Многие занимаются приобретением знаний — например, люди проводят наблюдения, регистрируют результаты и набирают статистику, но не становятся тем не менее общепризнанными учеными, не получают заслуживающих внимания фактов. Они просто имитируют формальную сторону науки — подобно тому, как на островах Южных морей есть аэродромы, радиовышки, расположенные в безлесной местности, они ожидают приземления больших самолетов. Там даже строят деревянные аэропланы той же формы, которую жители видели у иностранцев, но, как ни странно, они не летают. Результатом такой псевдонаучной имитации является огромное количество экспертов; я думаю, среди вас тоже найдутся эксперты. Может быть, у вас, учителей, которые реально учат детей младшей ступени, будут время от времени появляться сомнения относительно качества экспертов. Учись науке, чтобы сомневаться в компетенции экспертов. Я могу определить науку и другим способом: наука — это вера в невежество экспертов.

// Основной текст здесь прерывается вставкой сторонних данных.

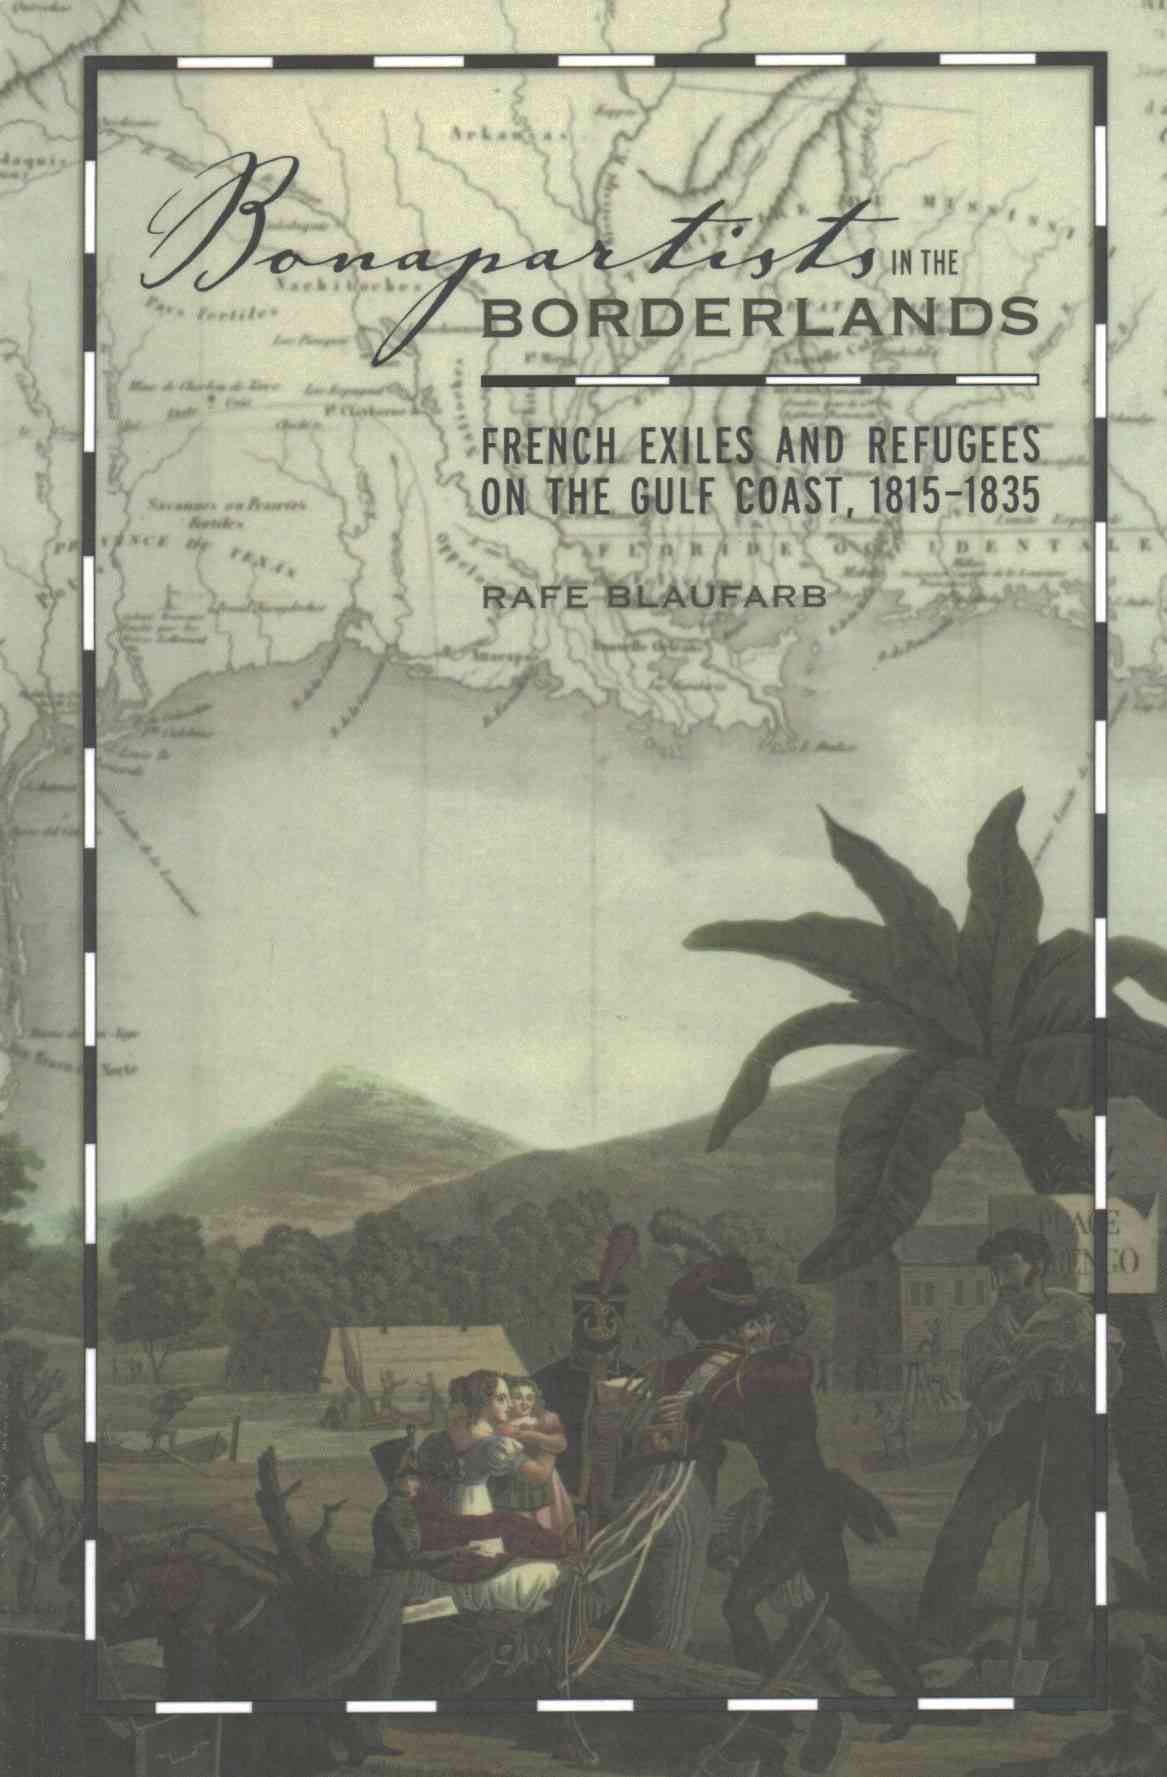 Kniha Bonapartists in the Borderlands: French Exiles and Refugees on the Gulf Coast, 1815-1835 Rafe Blaufarb
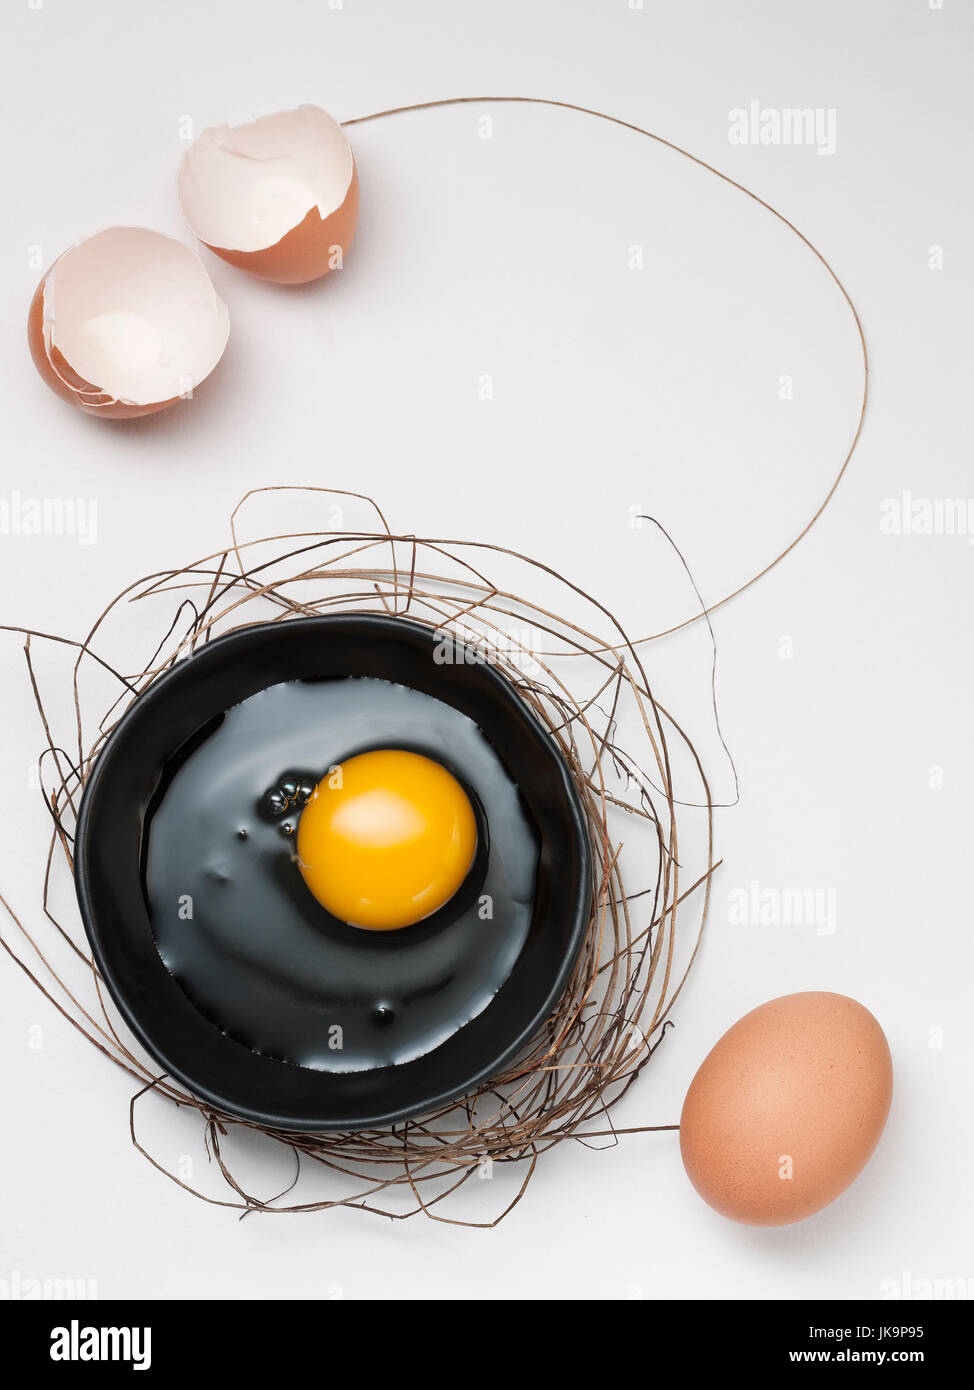 art of eggs on the black dish with the bush or Bird's nest and seasoning on white wooden background Stock Photo

Когда кто-то говорит, что наука учит так-то и так-то, он использует неправильные слова. Если вам говорят, что наука утверждает то или это, вы должны спросить: «Откуда наука это знает — как ученые это обнаружили — как, что, где?» Не наука утверждает, а данный эксперимент, данный эффект. И вы будете более чем правы, заслушав результаты экспериментов (но необходимо выслушать все доказательства), чтобы убедиться, откуда следует многократно используемое заключение.
В области, где сложно доказать правильность научных доводов, мы должны опираться на старомодную мудрость и честность. Я пытаюсь вселить в учителей младшей ступени надежду, призвать к некоторой самоуверенности в пределах здравого смысла и апеллирую к вашему природному уму. Эксперты, руководящие вами, могут оказаться не правы.
Возможно, я разрушил систему, и студенты, которые приходят в Калтех, уже не будут так хороши. Думаю, мы живем в век, далекий от науки, когда все средства передачи информации — телевидение, книги и прочее — носят ненаучный характер. Это не значит, что они плохи — они ненаучны. В результате научные изыскания подменяются значительным объемом интеллектуальной тирании.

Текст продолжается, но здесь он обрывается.